Open adishavit opened 7 years ago
Windows programs have their arguments stored in the structure Process Environment Block
(PEB), more specifically in ProcessParameters->CommandLine
which is a UNICODE_STRING
. The GetCommandLineW()
function give direct access to the UNICODE_STRING buffer. This is true for both Windows GUI and console programs. The buffer contains the command line arguments as a single wide string, exactly as entered, for example like this:
"path_to_program" -arg1 /f -abc file1 file2
The C library startup code parses the string, assign and allocate argc
and argv
before calling main
.
So, wouldn't it be easier to pass the unaltered command line string as is to argh
? Splitting the string into arguments using space as delimiter would be straightforward, I think.
GetCommandLineA()
will give a copy of the string converted to the system ANSI codepage. Which gives, even if you develop a UTF8 console program, the most efficient would be to parse the arguments as UTF16, retrieved by GetCommandLineW()

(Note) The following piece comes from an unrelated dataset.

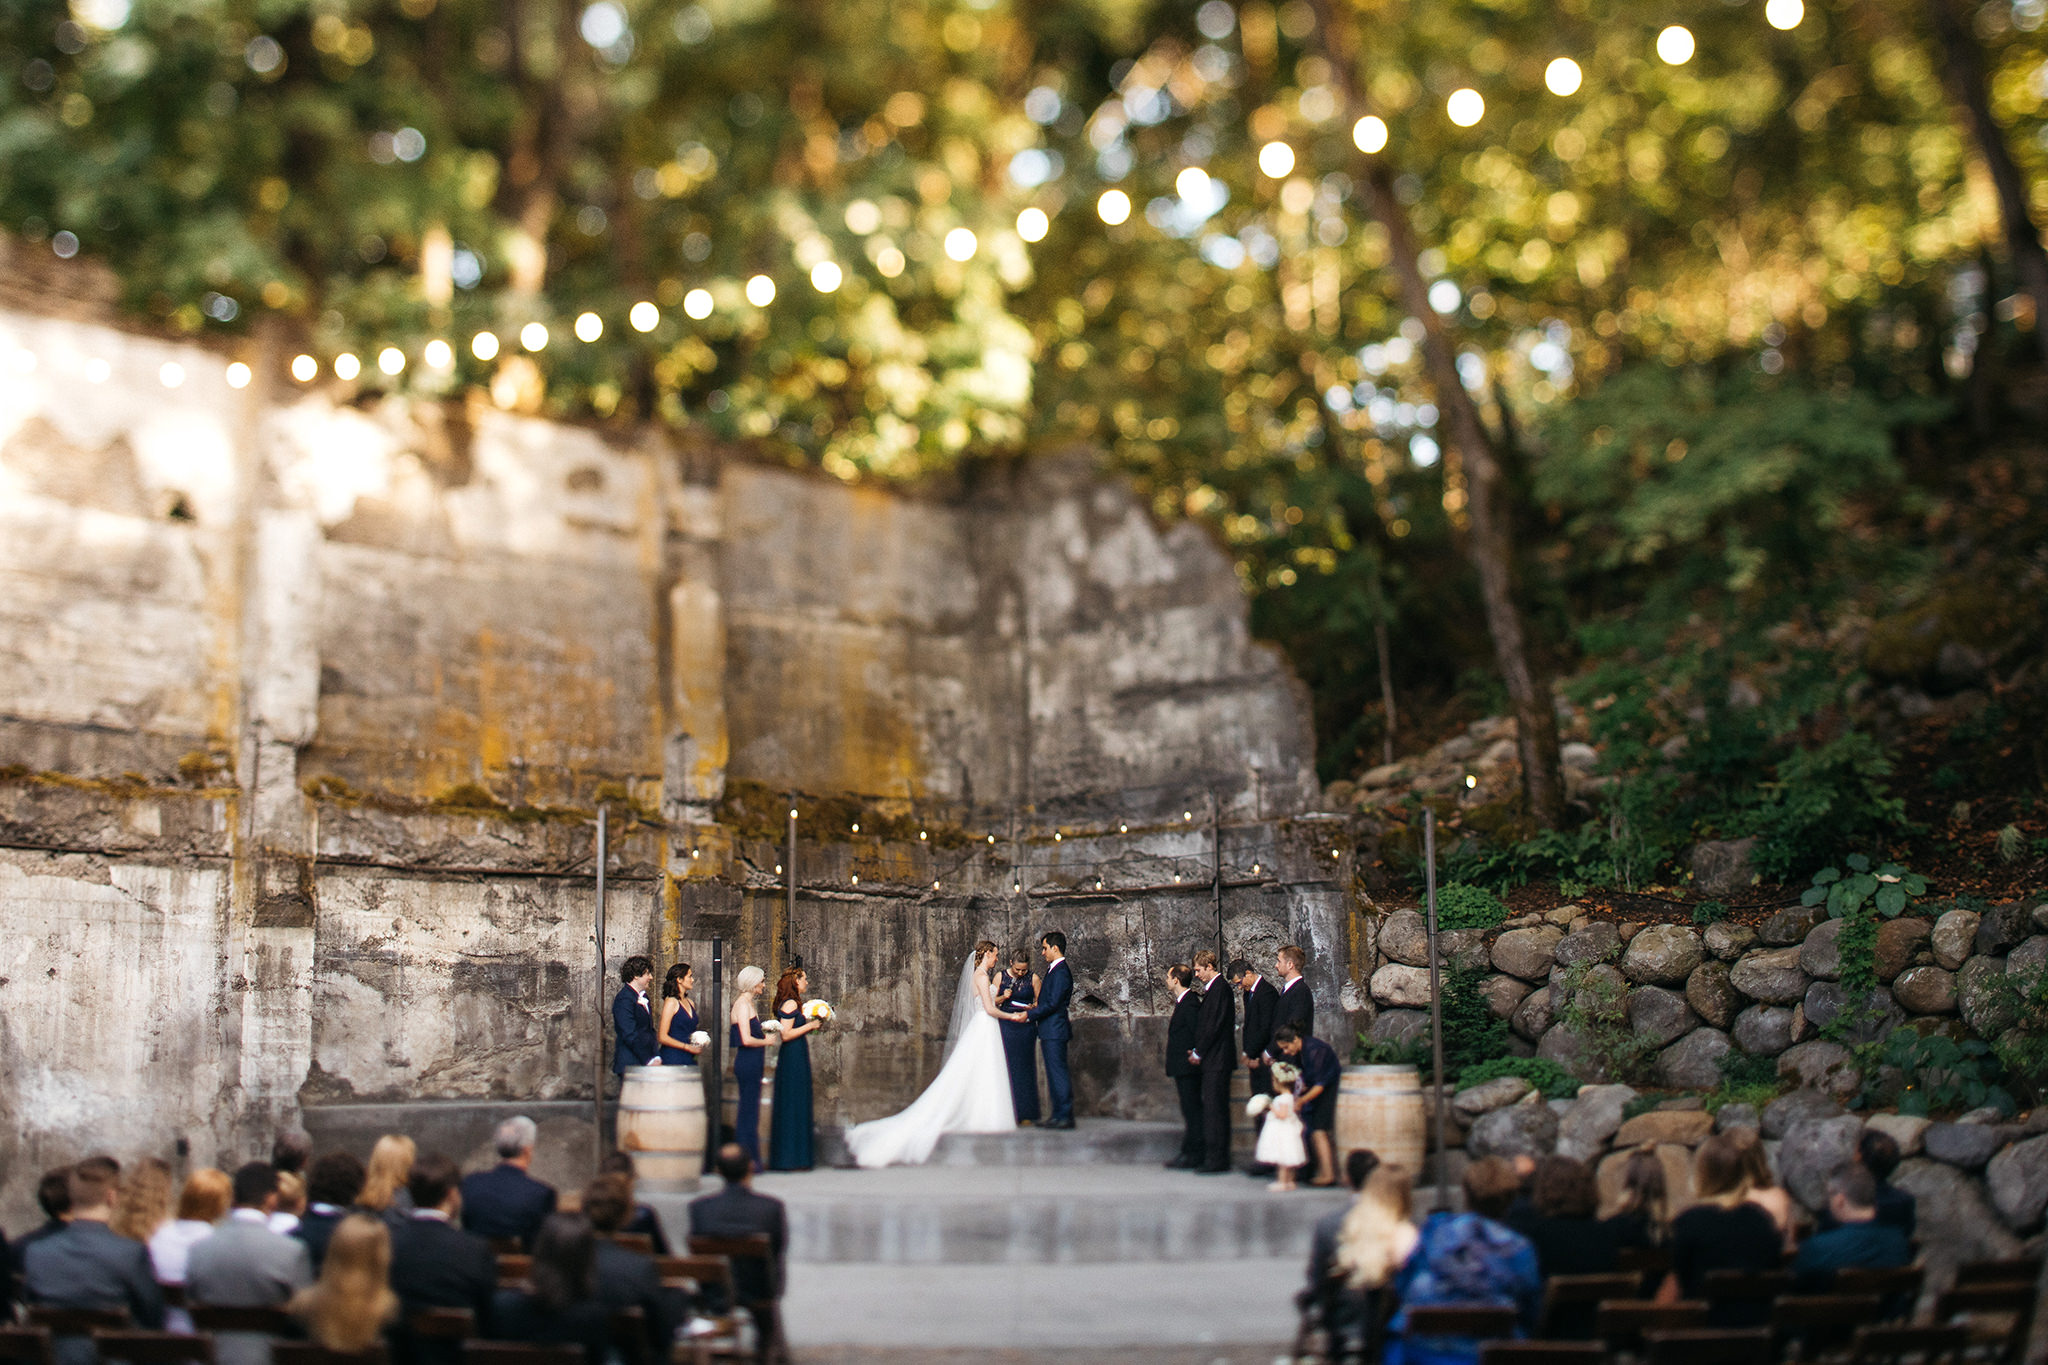 Wedding ceremony at The Ruins in Hood River, Oregon
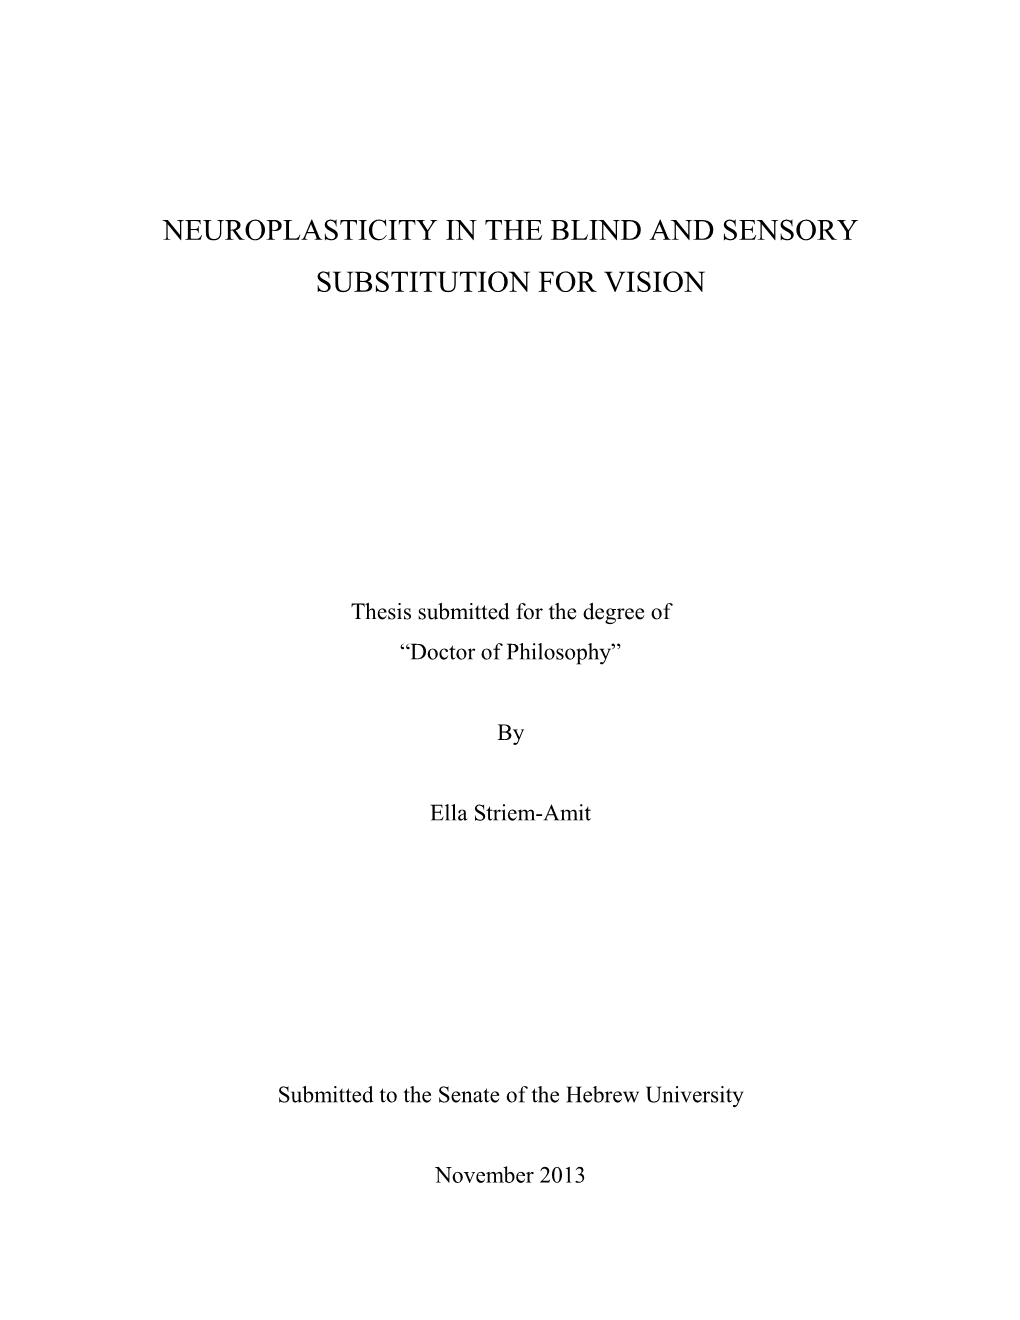 Neuroplasticity in the Blind and Sensory Substitution for Vision

and ignoring main's parameters.
Thanks for your enthusiasm for Argh! A few comments about this.
add_param()
. I guess the ctor would have to be written such that a later call to parse()
would just overwrite anything done before.I don't have a lot of experience with parsing Unicode in general nor on Unicode variants on Windows in particular, so it is hard for me to comment. Would you like to make a pull request?
Thanks for answering. Just FYI, getting direct access to command line buffer in PEB via GetCommandLineW()
is often the usual way, at least when it comes to Windows GUI. It is possible to manipulate the string and even overwrite it without any consequences for the program. After all, it is just a string. My intention was more of a fancy, to mention an idea without any concrete method to implement it argh. None of the different option parser solutions available has considered this possibility, I guess due to the subject is very much UNIX centred.
I’m not a Unicode expert but I know the way Windows handles Unicode is messed up. I took the liberty to consult some of the more knowledgeable Unicode/C++ experts on Twitter (where else 😆). The lively discussion is here.
Seems like the only sane and portable thing to do is UTF8 only. As @cor3ntin says:
I would immediately convert each argument to utf8 with
WideCharToMultiByte
, keep the rest of the code as it & assume utf8 ... _DO NOT letwchar_t
invade your project. Smallest possible conversion layer._
Essentially converting anything to UTF8 as shown here:
#include <windows.h>
#include <string>
#include <algorithm>
#include <vector>
std::string convert(const wchar_t* wstr) {
int s = WideCharToMultiByte(CP_UTF8, 0, wstr, (int)wcslen(wstr), NULL, 0, NULL, NULL);
std::string str;
str.resize(s);
WideCharToMultiByte(CP_UTF8, 0, wstr, (int)wcslen(wstr), LPSTR(str.data()), s, NULL, NULL);
return str;
}
int wmain( int argc, wchar_t ** argv) {
std::vector<std::string> vec;
vec.reserve(argc);
std::transform(argv, argv + argc, std::back_inserter(vec), convert);
// parse(vec)
}
If you need the data in some other encoding (e.g. for passing to WIN32 componenets) do it on the other end.
Thank you for your effort. However, your answer doesn't address the subject. My point was about using the PEB command line buffer
for option parsing. As I said this could either be a direct wide UTF16 string or a copied and converted narrow ANSI string. Strong preference for parsing the wide buffer directly. I also made a suggestion on how this could be achieved (see below). I'm sure your twitter friends all are skilled people with valid points in their arguments, but where do they apply in this subject? I'm reluctant to engage in flaming UTF8 vs UTF16 vs UTF32 discussions, but in practice, in Windows Unicode is UTF16 and has been so for about 30 years. It's not a matter of preference or flavour, it's just how things are. The whole underlying system is coded in UTF16. Also in practice, coding with UTF8 is more or less unsupported. You deal with it when handling data as in manipulating a webpage for example, but the API expects UTF16 when called. It's all due to the UTF16 'W' API variants vs the legacy 'A' as in 'ANSI' API variants. Mixing narrow UTF8 and ANSI is likely to be troublesome. As I understand, this is about to change when it comes to Windows UWP apps where UTF8 is encouraged to facilitate web-centric code. Anyway, nothing of this should be a bother for you in this library. Especially if you consider my suggestion in the thread
On Windows there is an extension to get the args automatically without passing them in, as in:
Things to note:
__argv
et al. perform wildcard expansion, which may or may not be desirable.